Mr. Pearson, meet Mr. Mandelbrot: Detecting Novel Associations in Large Data Sets

Jeremy Fox asks what I think about this paper by David N. Reshef, Yakir Reshef, Hilary Finucane, Sharon Grossman, Gilean McVean, Peter Turnbaugh, Eric Lander, Michael Mitzenmacher, and Pardis Sabeti which proposes a new nonlinear R-squared-like measure.

My quick answer is that it looks really cool!

From my quick reading of the paper, it appears that the method reduces on average to the usual R-squared when fit to data of the form y = a + bx + error, and that it also has a similar interpretation when “a + bx” is replaced by other continuous functions.

Unlike R-squared, the method of Reshef et al. depends on a tuning parameter that controls the level of discretization, in a “How long is the coast of Britain” sort of way. The dependence on scale is inevitable for such a general method. Just consider: if you sample 1000 points from the unit bivariate normal distribution, (x,y) ~ N(0,I), you’ll be able to fit them perfectly by a 999-degree polynomial fit to the data. So the scale of the fit matters.

The clever idea of the paper is that, instead of going for an absolute measure (which, as we’ve seen, will be scale-dependent), they focus on the problem of summarizing the grid of pairwise dependences in a large set of variables. As they put it: “Imagine a data set with hundreds of variables, which may contain important, undiscovered relationships. There are tens of thousands of variable pairs . . . If you do not already know what kinds of relationships to search for, how do you efficiently identify the important ones?”

Thus, Reshef et al. provide a relative rather than absolute measure of association, suitable for comparing pairs of variables within a single dataset even if the interpretation is not so clear between datasets.

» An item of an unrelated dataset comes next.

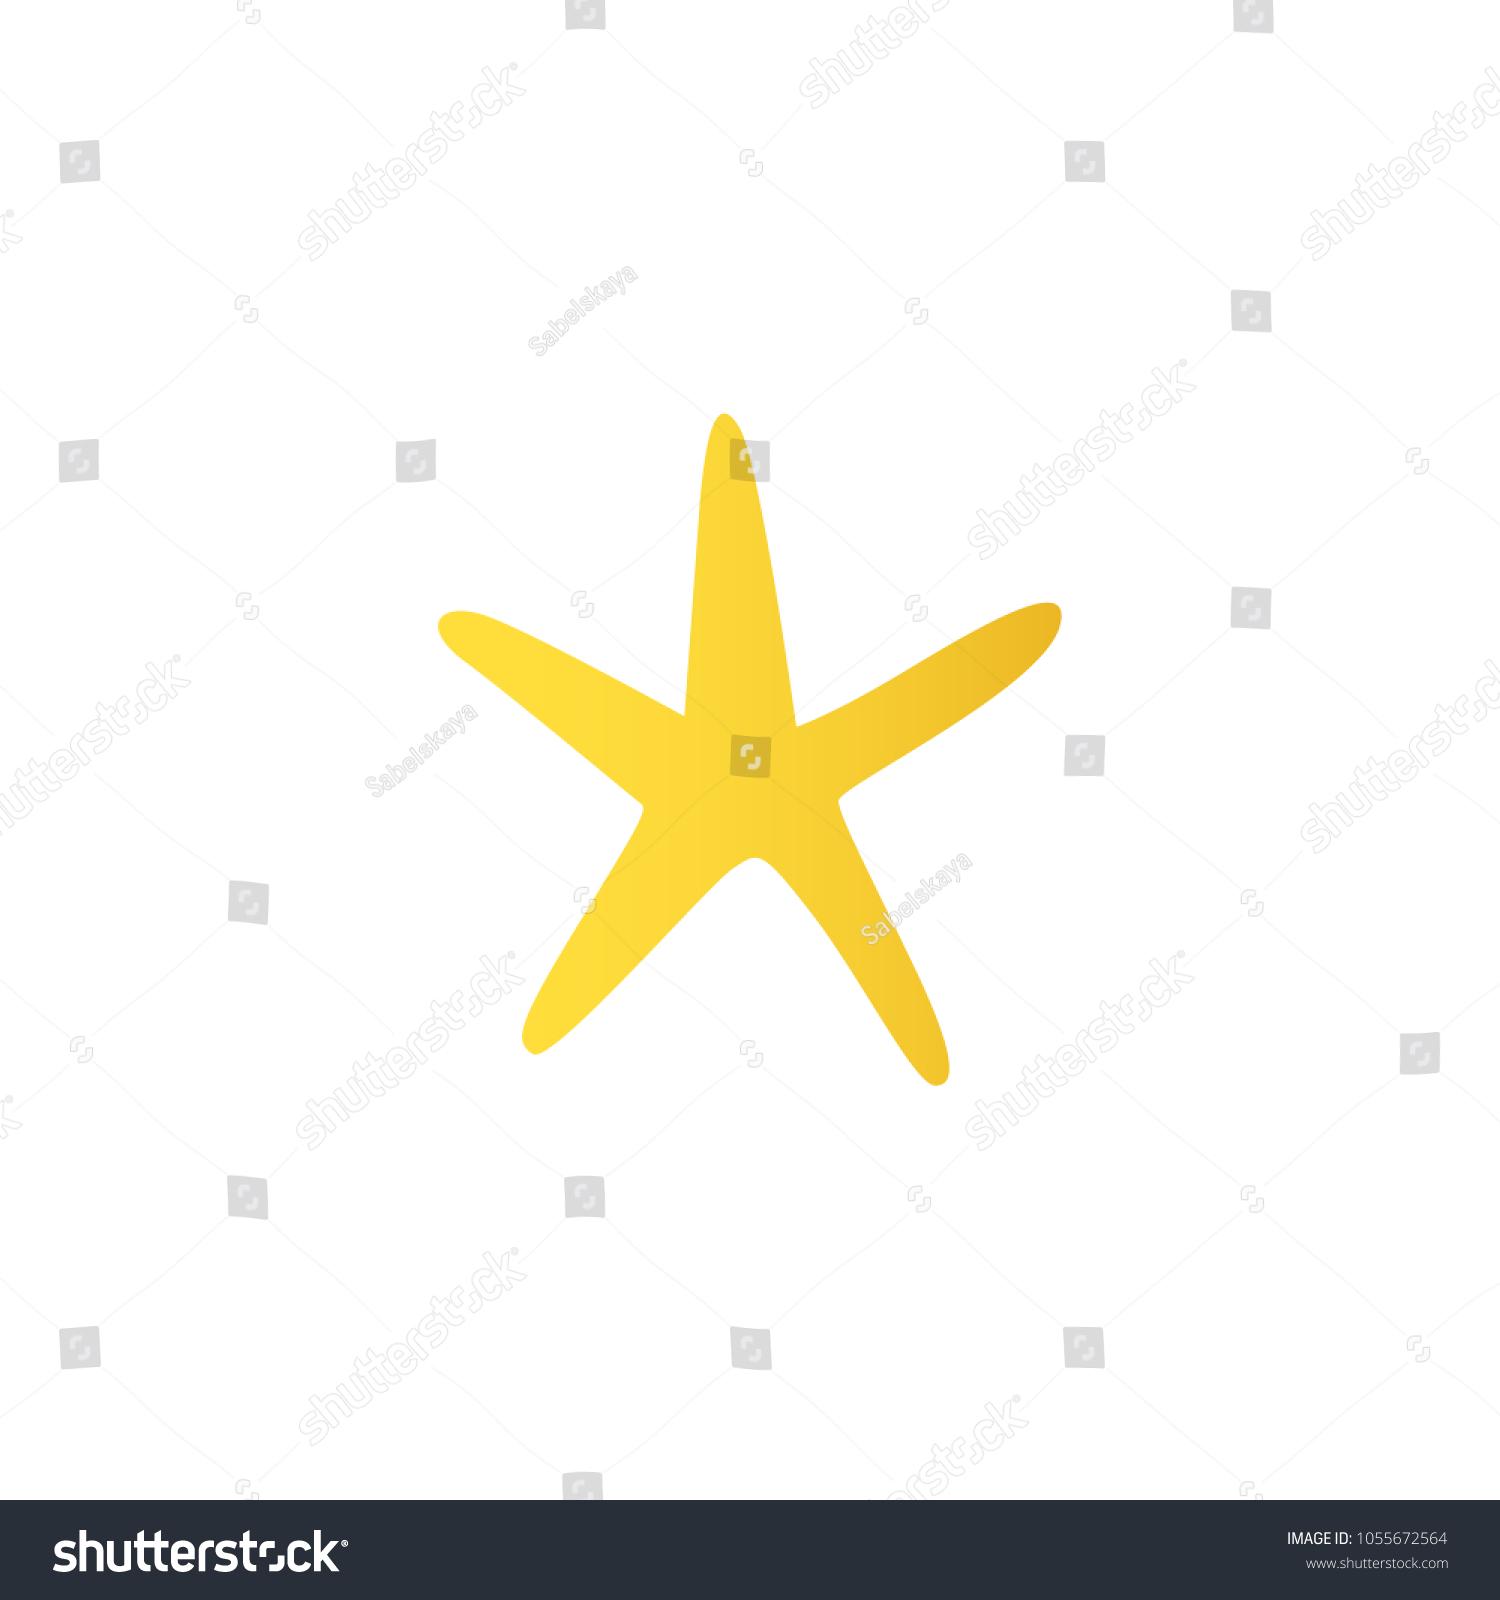 Yellow Starfish Marine Underwater Seaside Animal Stock Vector HD ...

I suspect that the R-squared-like nature of the method will bother some purists who have bashed R-squared’s dependence on the range of x in the data. But, as regular readers will know, I like R-squared (in its place) and I have warm feelings about this generalization.

I leave the authors with two questions:

1. What is the value of their association measure if applied to data that are on a circle? For example, suppose you generate these 1000 points in R:

n <- 1000 theta <- runif (n, 0, 2*pi) x <- cos (theta) y <- sin (theta)

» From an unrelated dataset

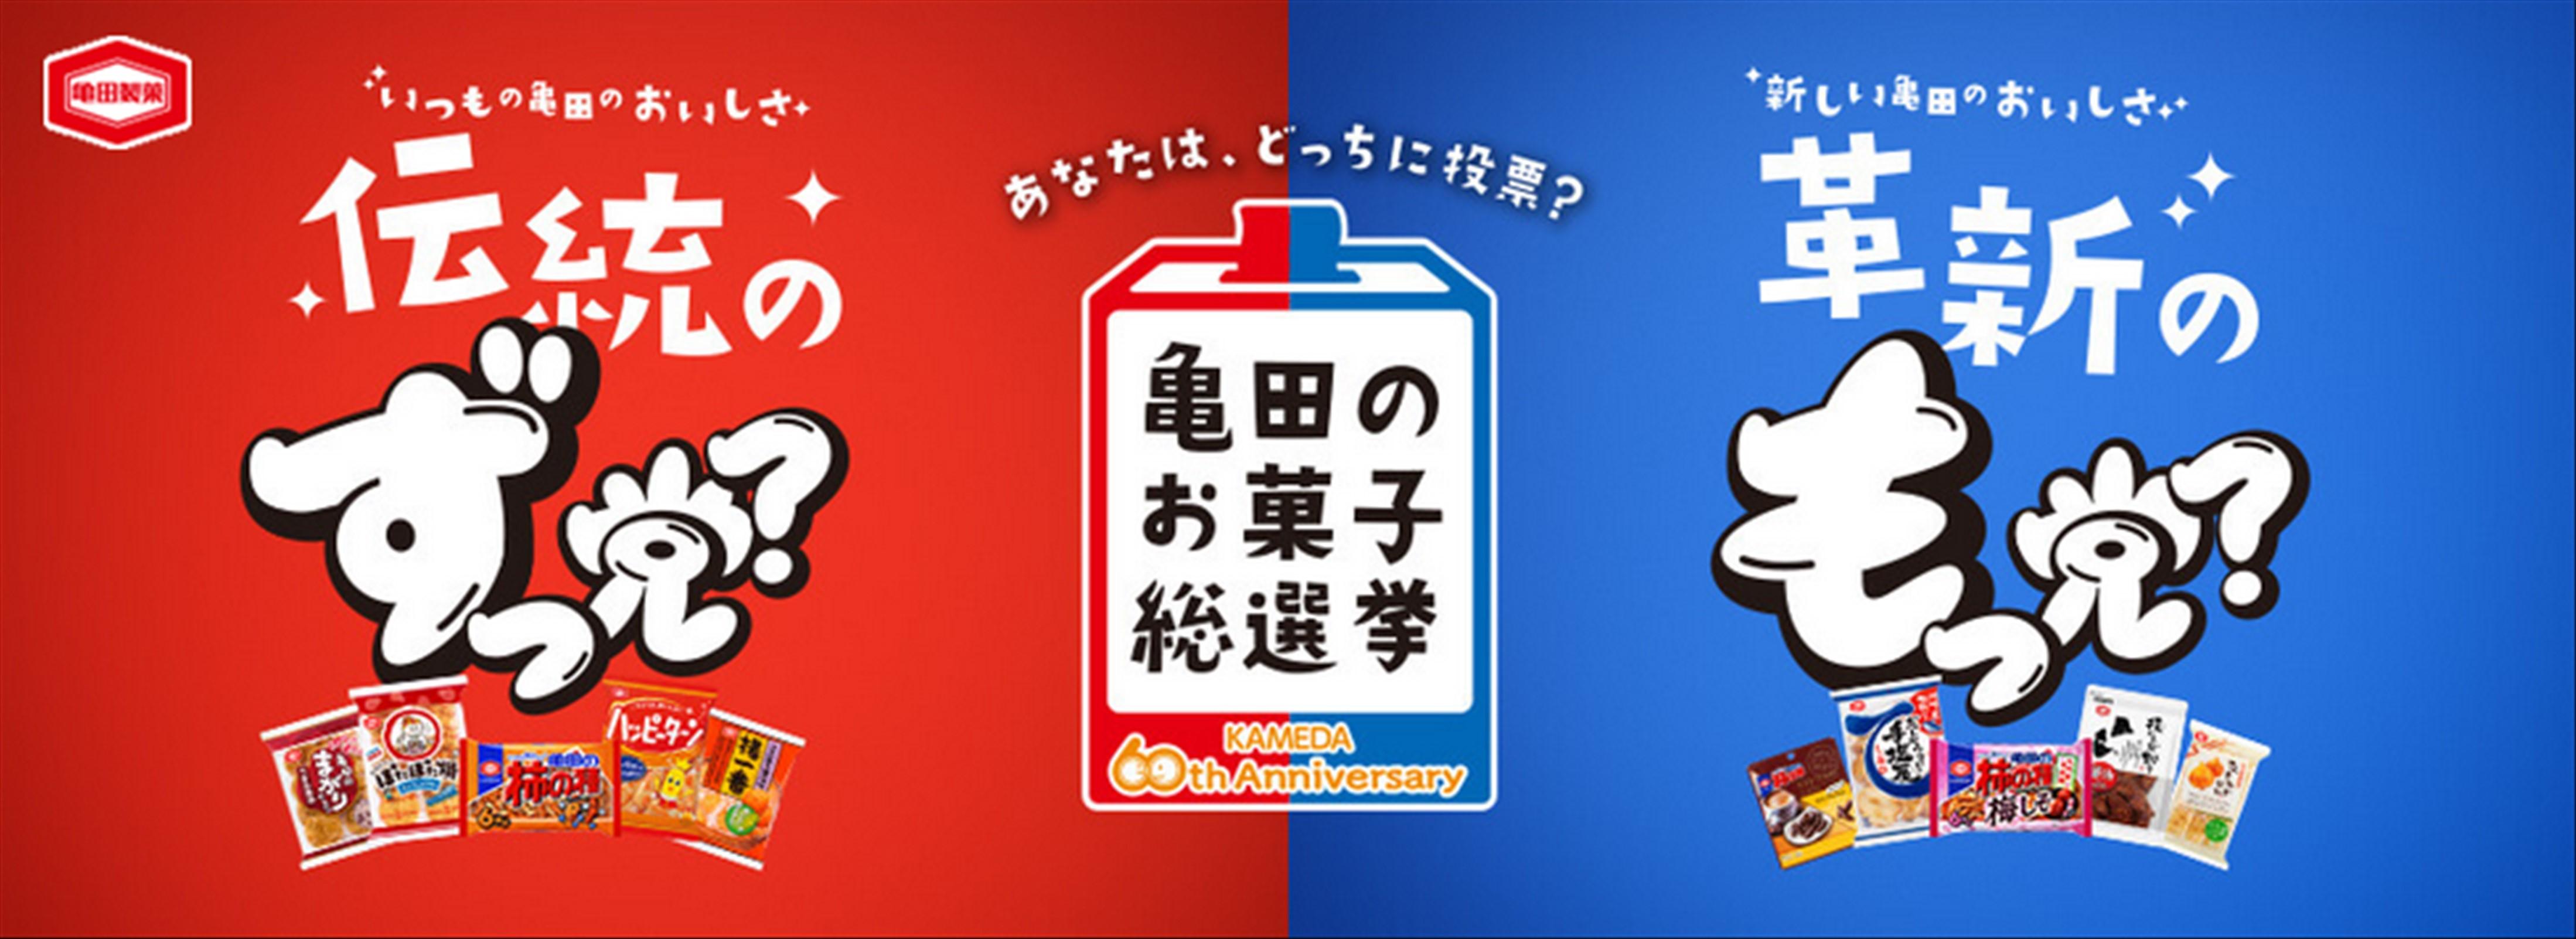 製菓 亀田

Simulated in this way, x and y have an R-squared of 0. And, indeed, knowing x tells you little (on average) about y (and vice-versa). But, from the description of the method in the paper, it seems that their R-squared-like measure might be very close to 1. I can't really tell. This is an interesting to me because it's not immediately clear what the right answer "should" be. If you can capture a bivariate distribution by a simple curve, that's great; on the other hand if you can't predict x from y or y from x, then I don't know that I'd want a R-squared-like summary to be close to 1.

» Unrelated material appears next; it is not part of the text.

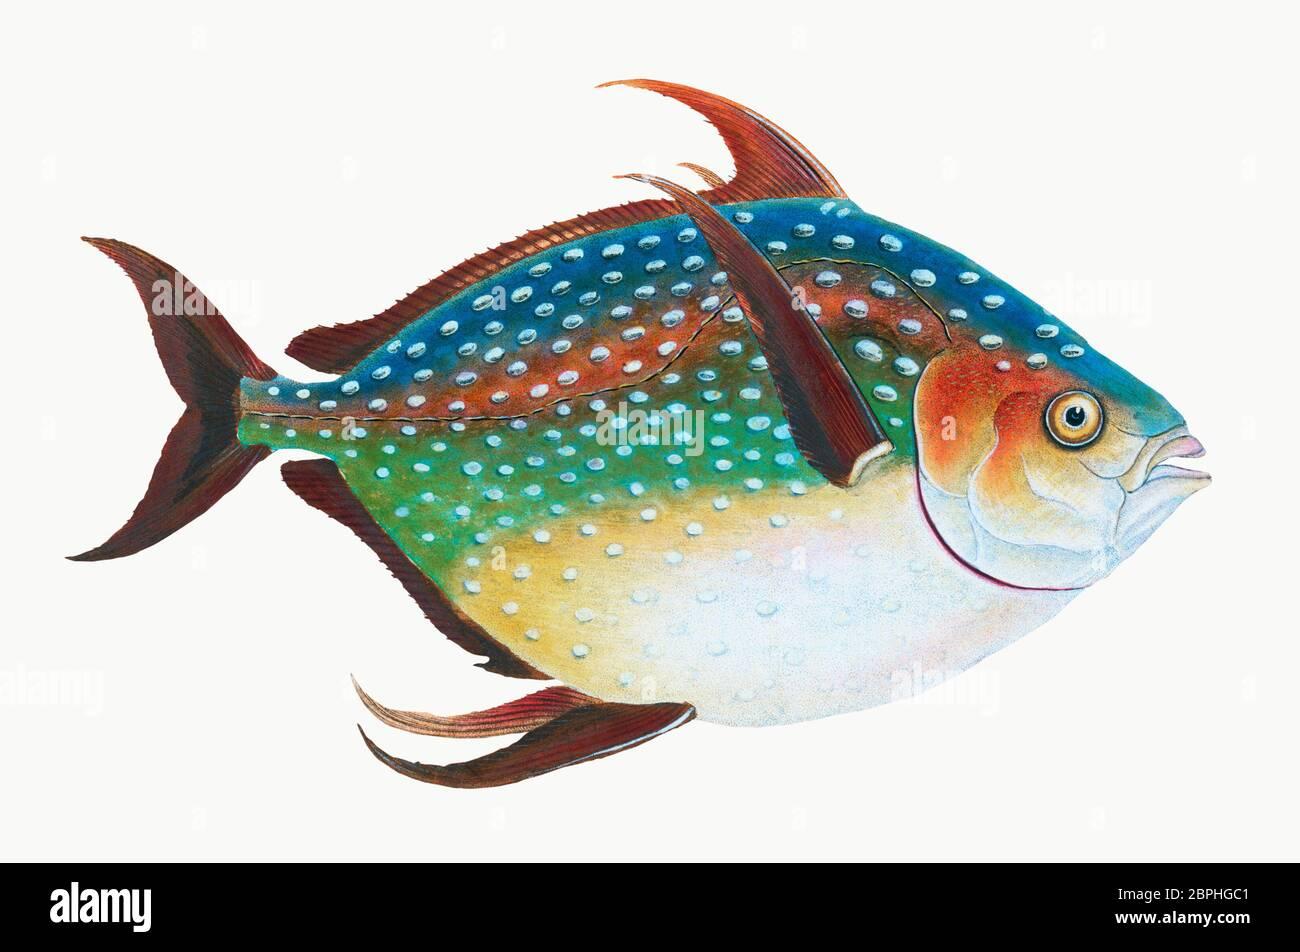 Opah (Lampris guttatus) Illustration aus der Naturgeschichte britischer Fische (1802) von Edward Donovan (1768-1837).jpg - 2BPHGC1 Stockfoto

No measure can be all things to all datasets, so let me emphasize that the above is not a criticism of the idea of Reshef et al. but rather an exploration.

2. I wonder if they'd do even better by log-transforming any variables that are all-positive. (I thought about this after looking at the graphs in Figure 4.) A more general approach would be for their grid boxes to be adaptive.

27 thoughts on “Mr. Pearson, meet Mr. Mandelbrot: Detecting Novel Associations in Large Data Sets

  1. Thanks for posting on this Andrew, your comments are good ones. I too find the approach very interesting, and your comments raise some points I hadn’t thought of. Your question about data on a circle is a good one–as you say, it’s not intuitively clear what the right answer *ought* to be in such a case. If I had to guess, I’d say that the Reshef et al. measure of association might be >0 in this case (maybe 0.5?), because knowing x does give you some information about y (specifically, that y takes on one of two values, right?). But I’m not at all sure about this.

    There’s also a “layman’s” write up of the article in Science, which raises some other good points. For instance, can you convert this measure of association into a conditional measure, in order to obtain something analogous to a partial correlation or partial regression?

  2. Can you say more about using log-transformed data here?

    I’ve had occasion to do that, but for ratio data where numerator/denominator choice was arbitrary and thus log-trasnformed data was necessary to get consistent statistical measures regardless of the arbitrary choice.

  3. I was thinking that they seem to have taken the hard part of any association metric which relies on density (doing a multivariate density estimate) and replaced it with something which is easy to analyze as the sample goes to infinity (the set of grids creating a discrete bivariate distribution) but which may not make any sense in particular datasets. I haven’t gone through the regularization tricks (resolution limits) which prevent the grid-size from getting too fine, but that seems very interesting. I hope that it works well in practice and is not just handwaving away the difficult problem of tuning a density estimate. Resolution-limits are very attractive, similar to Jeffery’s prior in detecting and giving up on settings which are badly identified. The tricks on how one can squeeze interpretation out of the behavior of the matrices was also fascinating.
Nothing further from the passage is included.